While Petra is what initially lured me to Jordan, over the course of a week I discover that this compact country is crammed full of Biblical sites and natural wonders.
Our adventure started three days ago in Amman, the country’s capital. Nicknamed “The White City” due to the extensive use of local limestone, it’s a busy, thriving metropolis. While it may lack the headline sites of its more famous neighbours, Jerusalem and Bethlehem, it does have a well-preserved Roman theatre and several bustling souks.
For an authentic introduction to Arabic food, head to Hashem Restaurant located in an alleyway off Al-Amir Mohammed Street. This no-frills establishment serves warm flatbread with deliciously smooth hummus, falafels stuffed with chillies, onion and garlic and refreshing, sweet mint tea.
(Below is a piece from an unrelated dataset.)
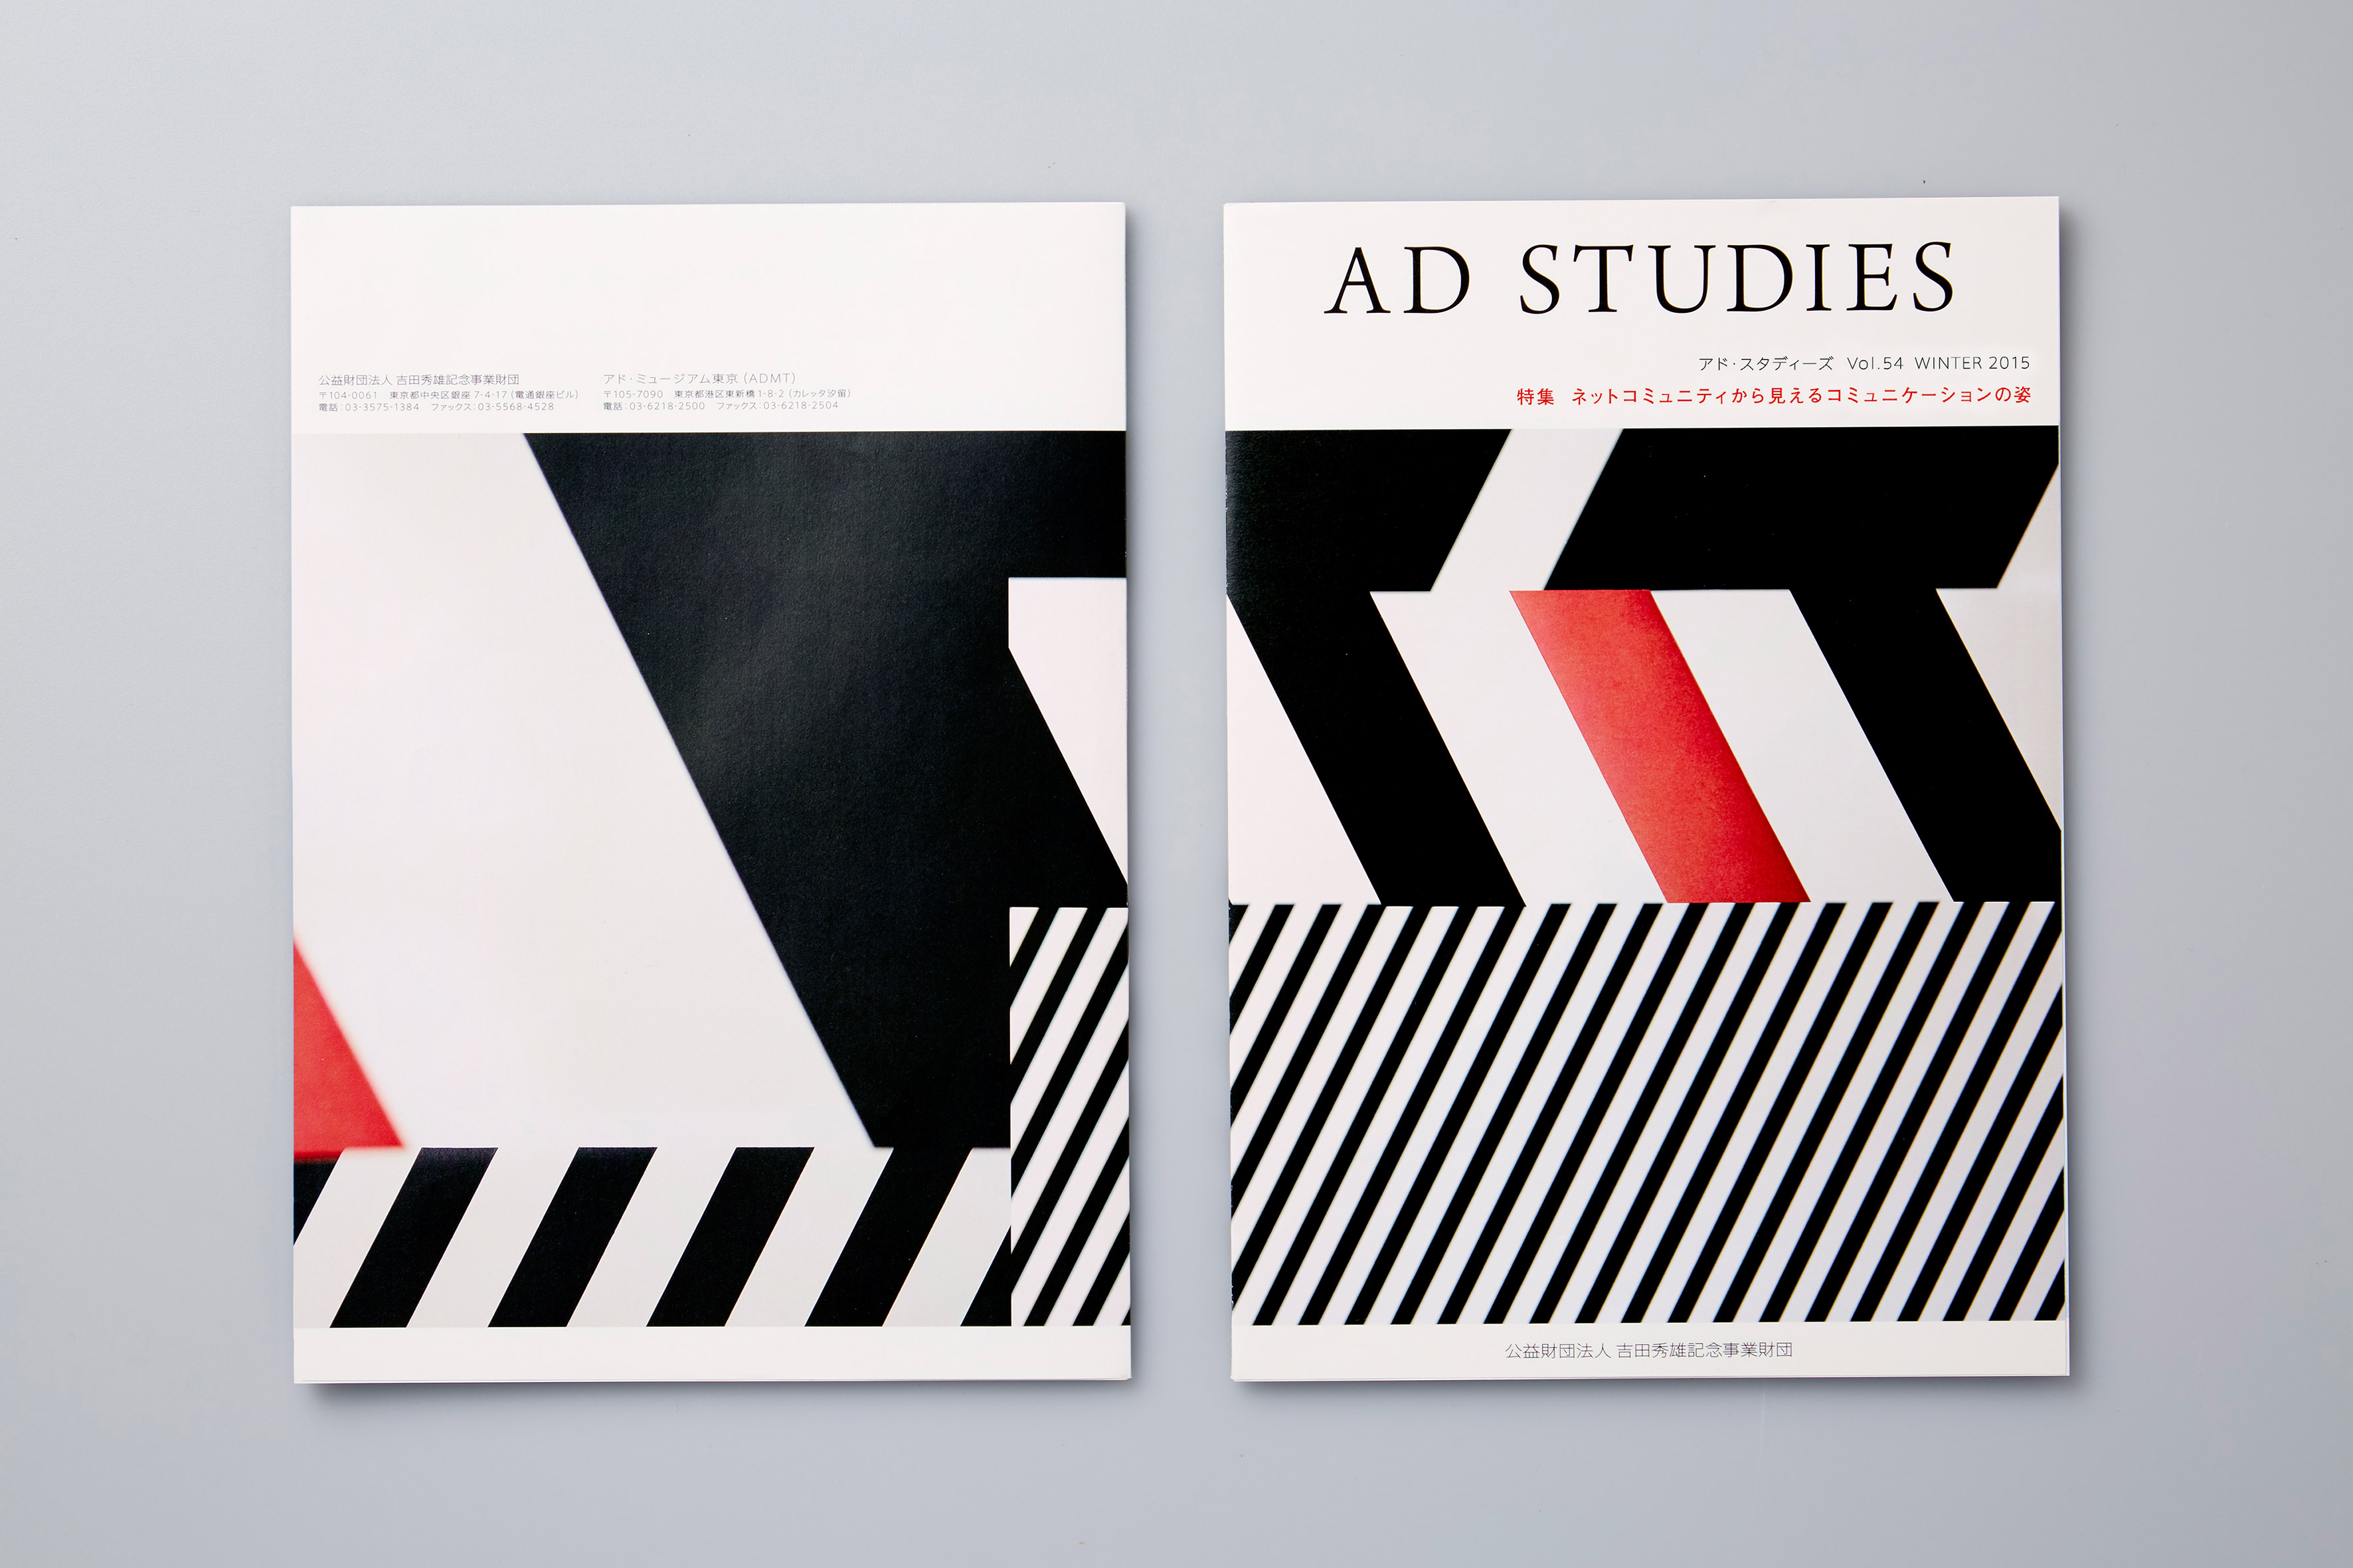 Studies of Graphic Design
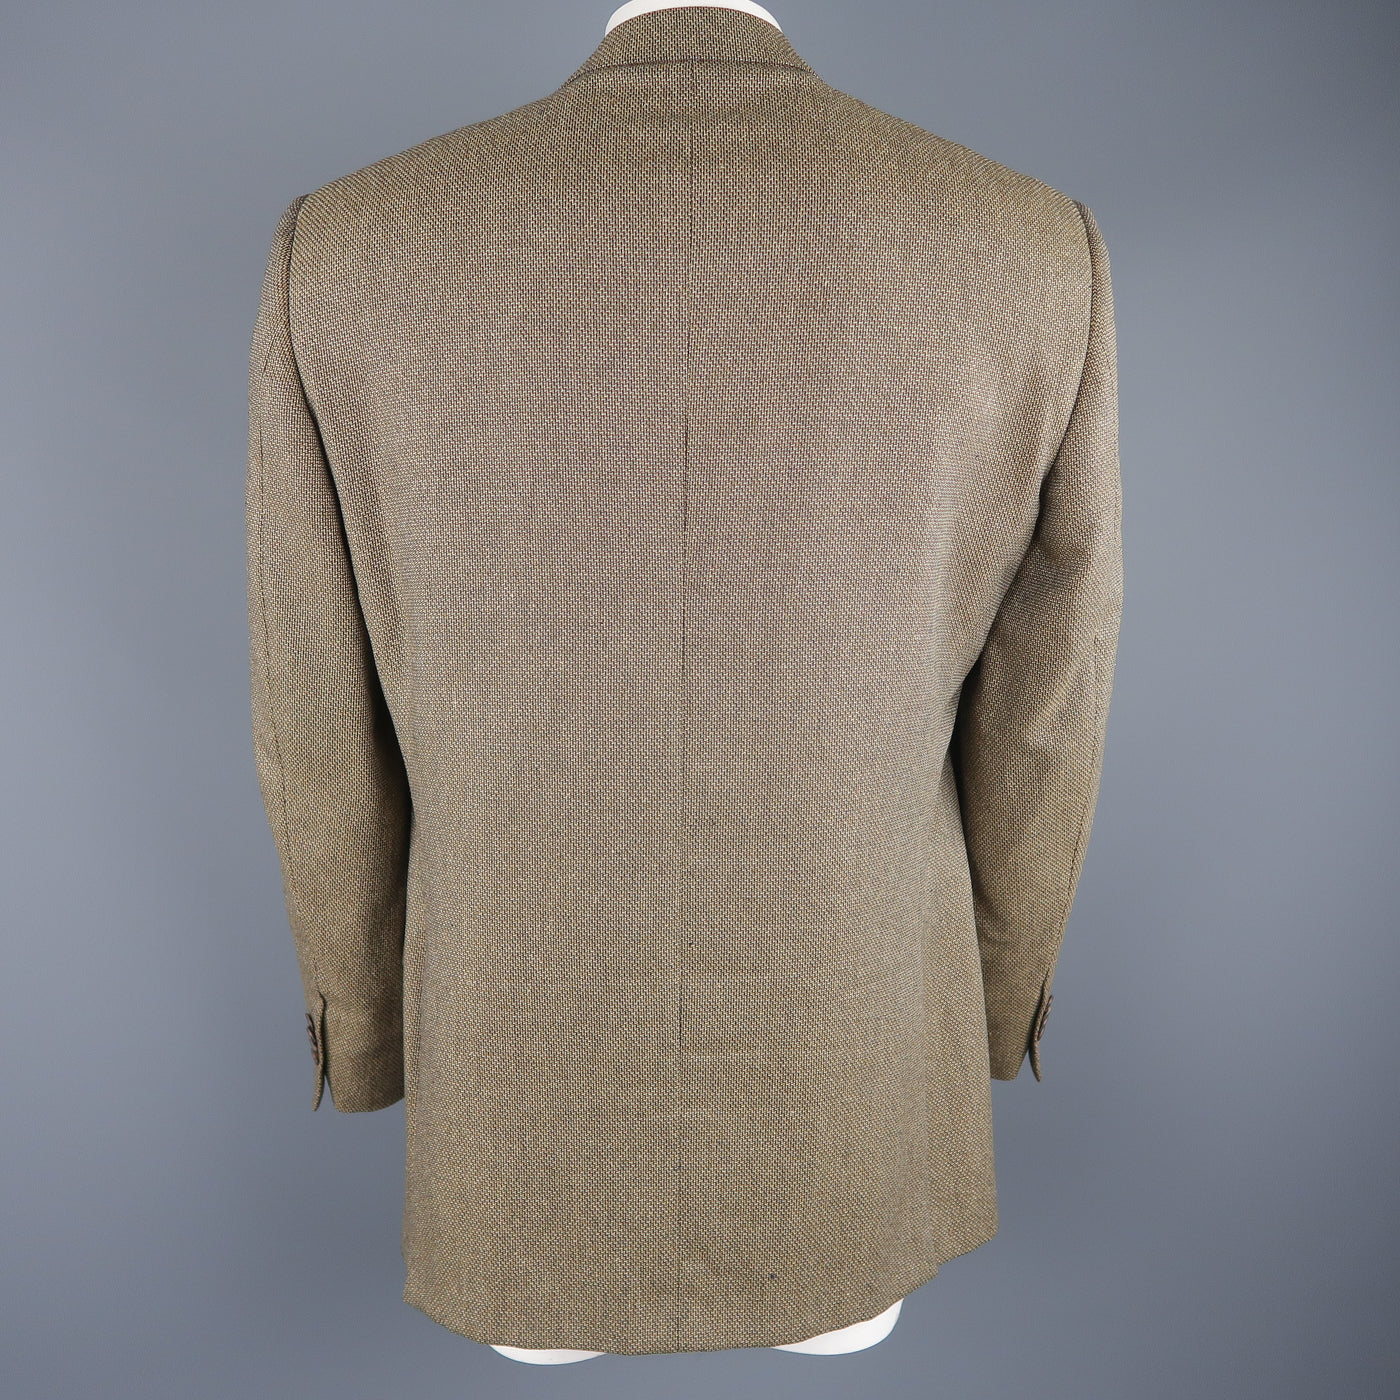 ERMENEGILDO ZEGNA 44 Tan Woven Silk / Wool Nailhead Sport Coat

From Amman, we drive 300 kilometres south along the Desert Highway. The scenery for the most part is uninspiring – arid, windswept plains punctuated by shrubs and the odd Bedouin shepherding a small flock of sheep… and then we hit Wadi Rum.
The road squirms down a hillside toward the valley floor and suddenly we’re surrounded by paprika-coloured sand punctuated by towering peaks of granite, sandstone and limestone. The rock formations are stunning – 500 millionyear-old weathered escarpments stained red by iron oxide. This is Lawrence of Arabia country. It’s where the inimitable TE Lawrence led the Arab revolt in 1917 and it was the setting for his autobiographical novel Seven Pillars of
The best way to explore is on the back of a 4WD – ideally with a slightly mad Bedouin at the wheel. We career
along the desert floor, dodging boulders and cliffs before stopping at a Bedouin tent for some nerve-calming sage tea.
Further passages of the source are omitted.